=== The task ===
The response should contain all of the data below, reproduced exactly, and no pictures.

=== Dataset excerpt ===
/---
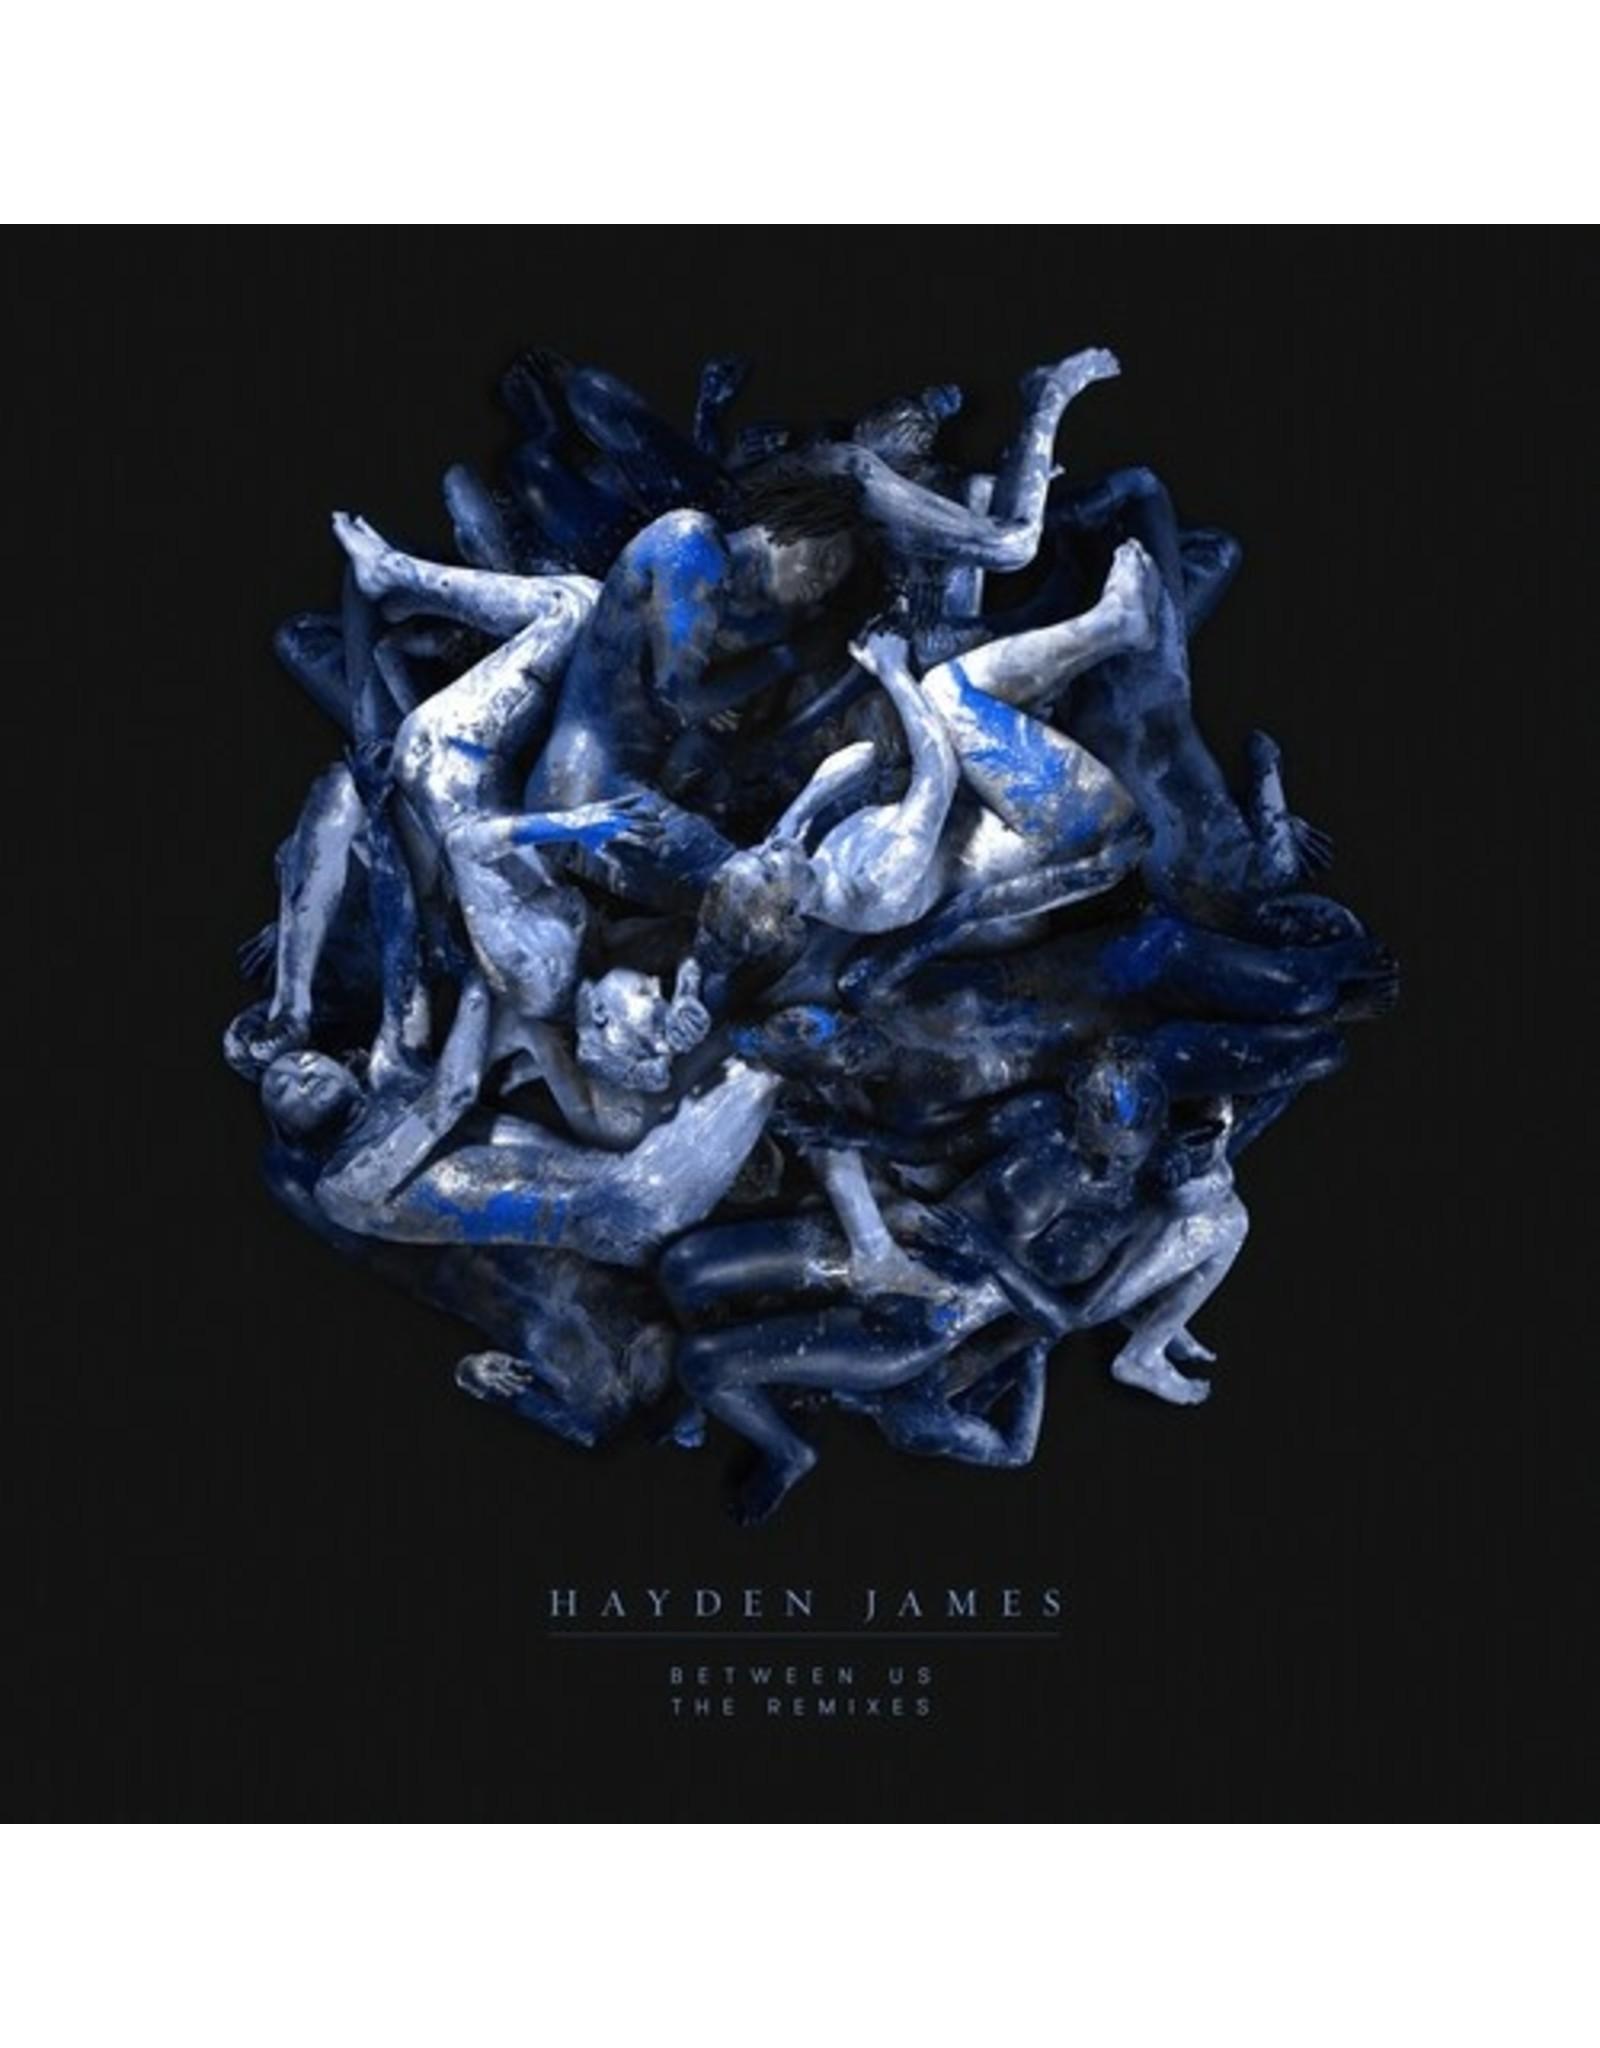 New Vinyl Hayden James - Between Us 2LP
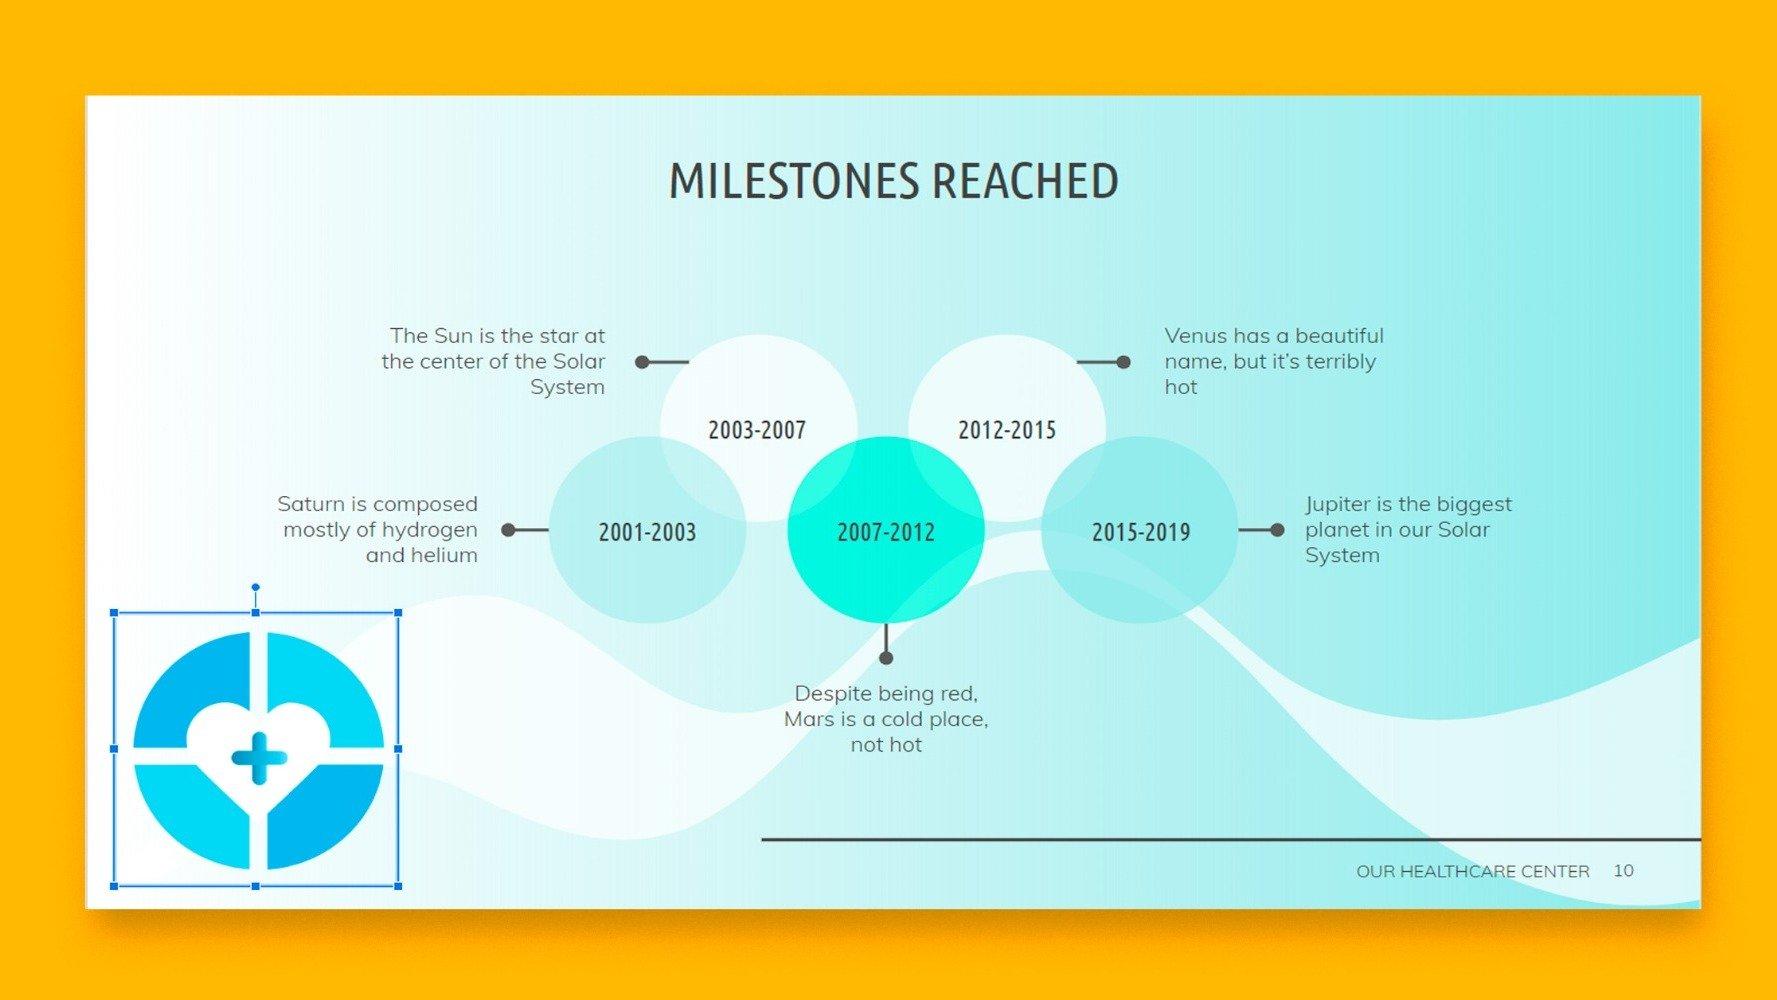 نحوه اضافه کردن علامت در اسلایدهای Google    نکات سریع و آموزش برای ارائه های خود
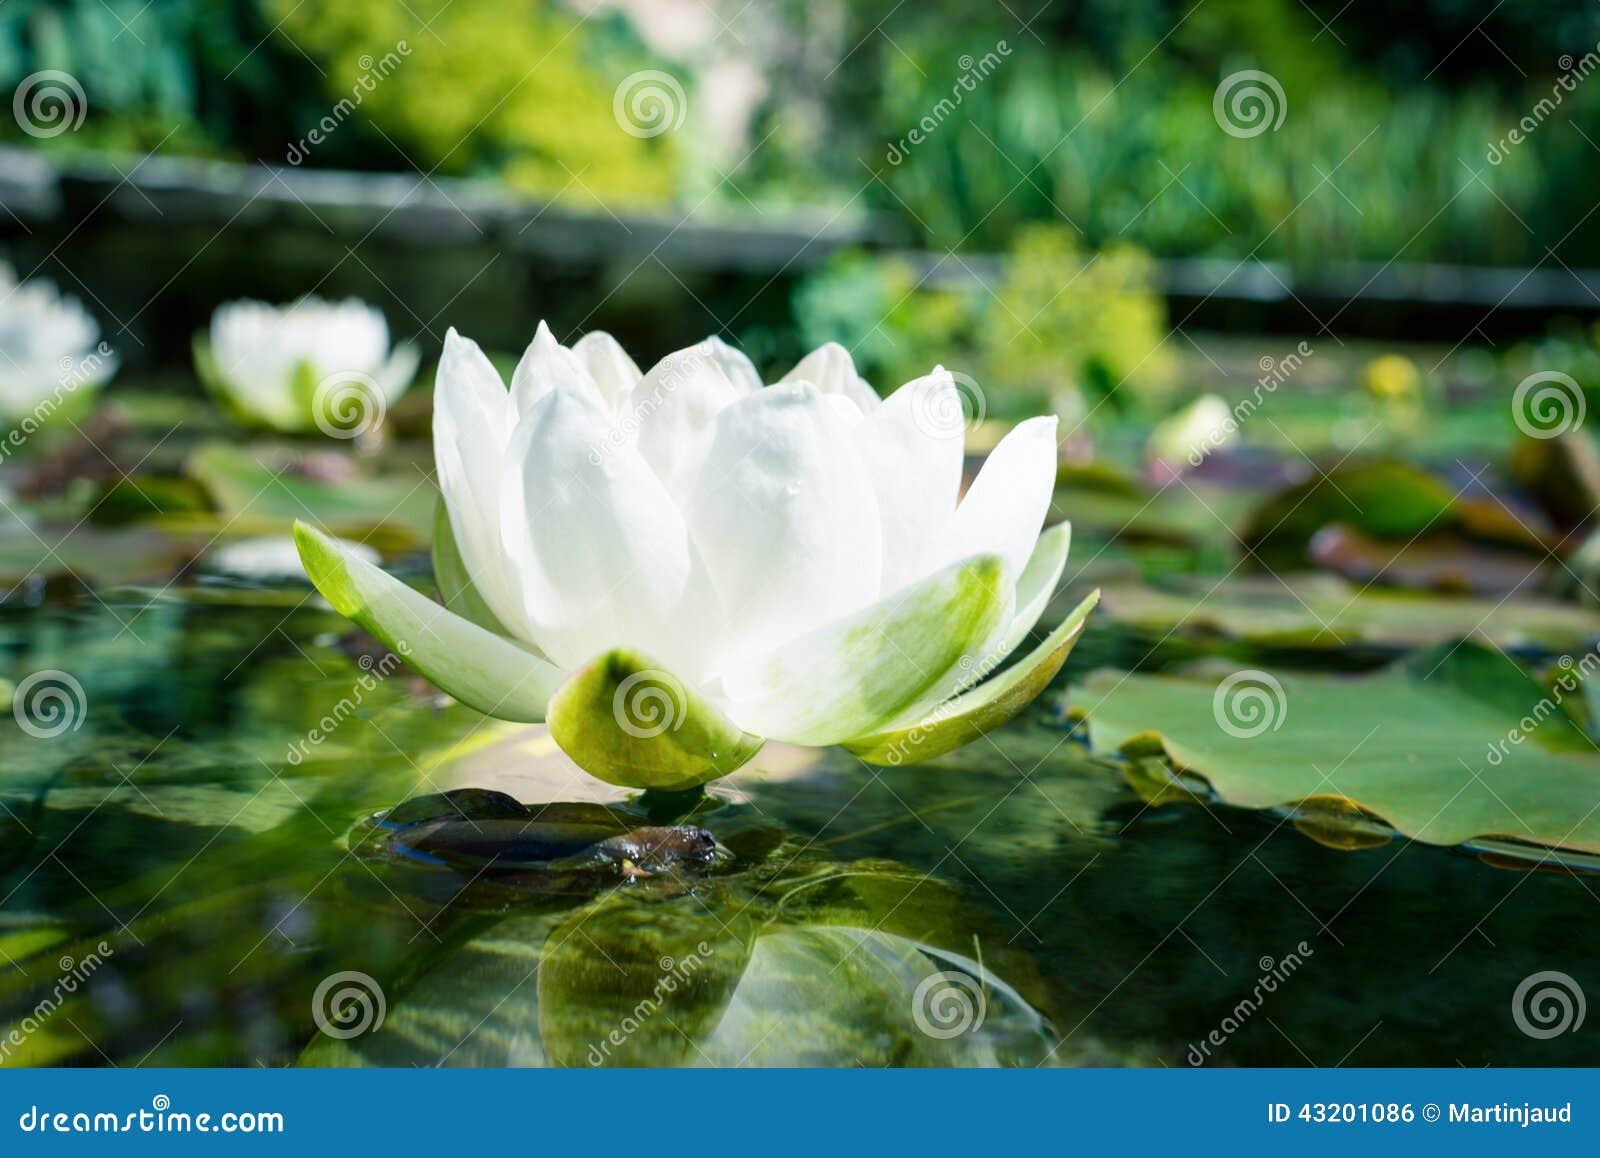 Download Blommor För Vit Lotusblomma I Ett Damm Arkivfoto - Bild av näckros, växt: 43201086
\---
=== Answer to the exercise ===
 New Vinyl Hayden James - Between Us 2LP
 نحوه اضافه کردن علامت در اسلایدهای Google    نکات سریع و آموزش برای ارائه های خود
 Download Blommor För Vit Lotusblomma I Ett Damm Arkivfoto - Bild av näckros, växt: 43201086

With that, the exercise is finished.